Following after the events of Miller’s much accoladed The Innocent Mage and Innocence Lost books, this is the first book of a new series in the same world. Initially focusing on the original characters, the story gradually segues to concentrate more on the younger generation (hence the Fisherman’s Children of the series title. Almost two decades after the events of the previous books, much change has occurred for the people of Lur. Still greatly affected by the events prior to and during the Mage War, the people struggle to adapt to the new circumstances of their world, and when things begin to become unstable once more, it is difficult to see their way forward. Son of heroes Asher and Dathne, Rafel seeks to forge to the future, but is blocked on all sides: by parents unwilling to see him hurt by magic or conflict; by a sister too fragile for the world; by a mortal enemy, who maybe isn’t quite what he seems. Rafel struggles against all those who bind him, and in doing so, both risks himself and simultaneously may be the shining hope for his people.

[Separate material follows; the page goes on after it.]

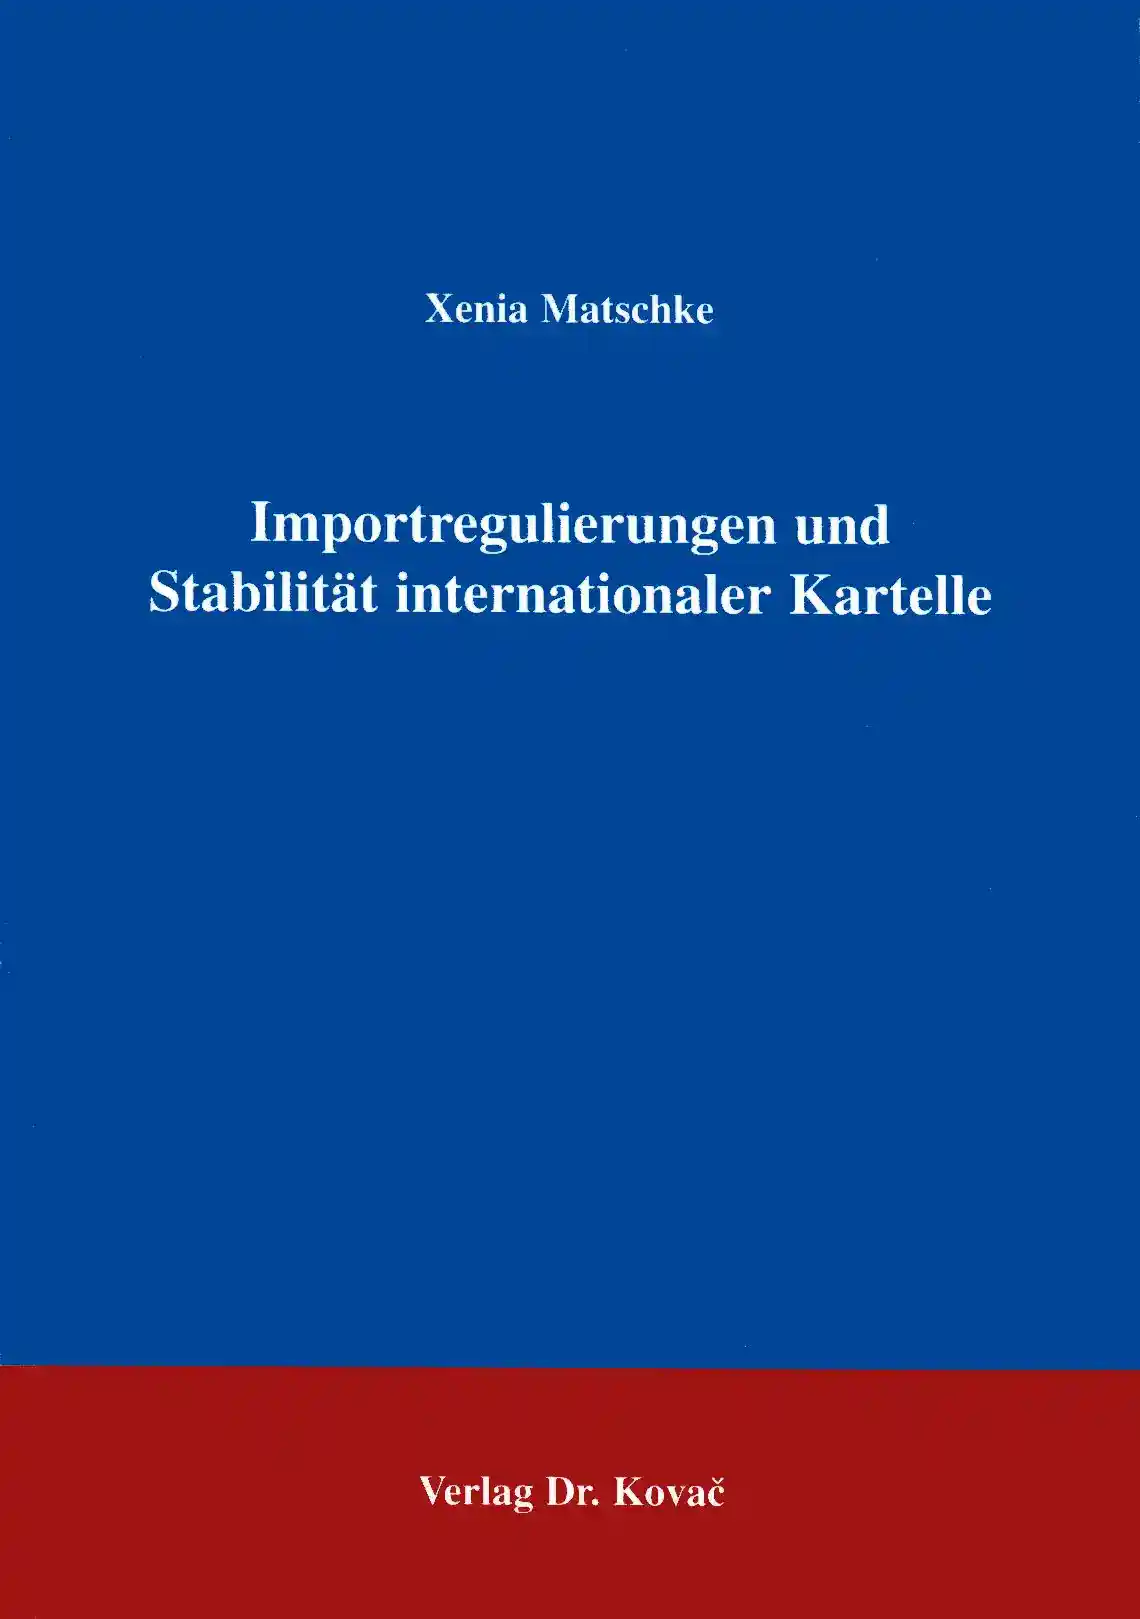 Importregulierungen und Stabilität internationaler Kartelle (Forschungsarbeit)

I enjoyed reading The Prodigal Mage, but it seemed to take a good while to really get into the story. I haven’t read the Kingmaker, Kingbreaker sequence, and found myself feeling a bit left out because of it, as the characters are clearly still quite entrenched in those books. For me, the second half of the book, when it really started to focus on the younger generation, was when I truly became engaged, but at the same time, the first half really made me want to go read The Innocent Mage books!

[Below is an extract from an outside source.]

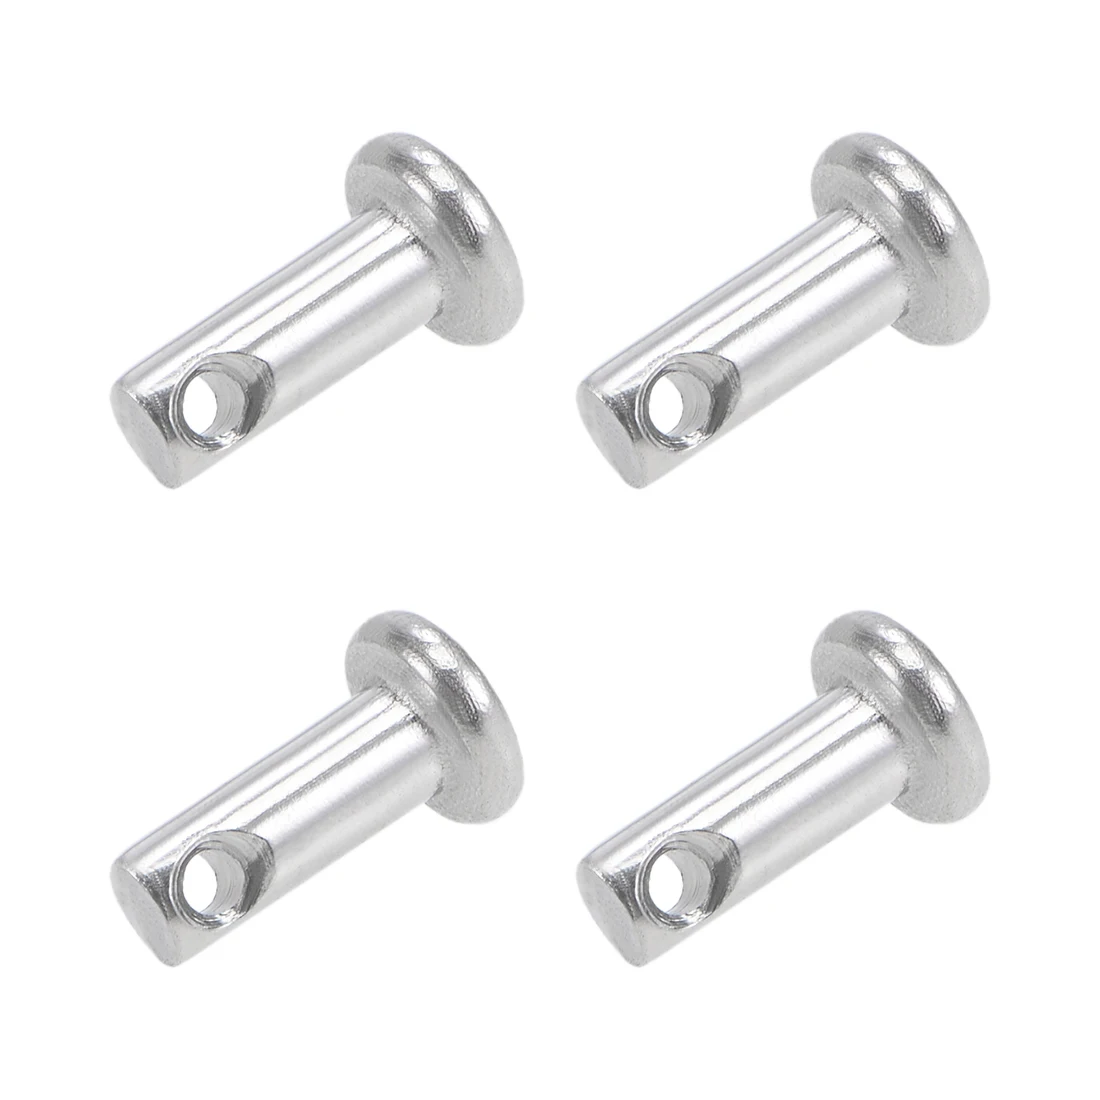 uxcell Single Hole Clevis Pins,5mm x 40mm Flat Head Zinc-Plating Steel 10 Pcs

Miller is a multi-talented writer who has a grand vision in her stories, and it’s always a pleasure to read her books. I don’t think I found the characters as three dimensional as is usual for her work, primarily because there seemed to be an expectation that the reader was already acquainted with them from the earlier books. This left me a bit high and dry, but I eventually gained a feel for most of the characters. I think it would be a far better experience to start with the original books, from all accounts, a worthwhile read in themselves, so no real hardship for the lover of good fantasy!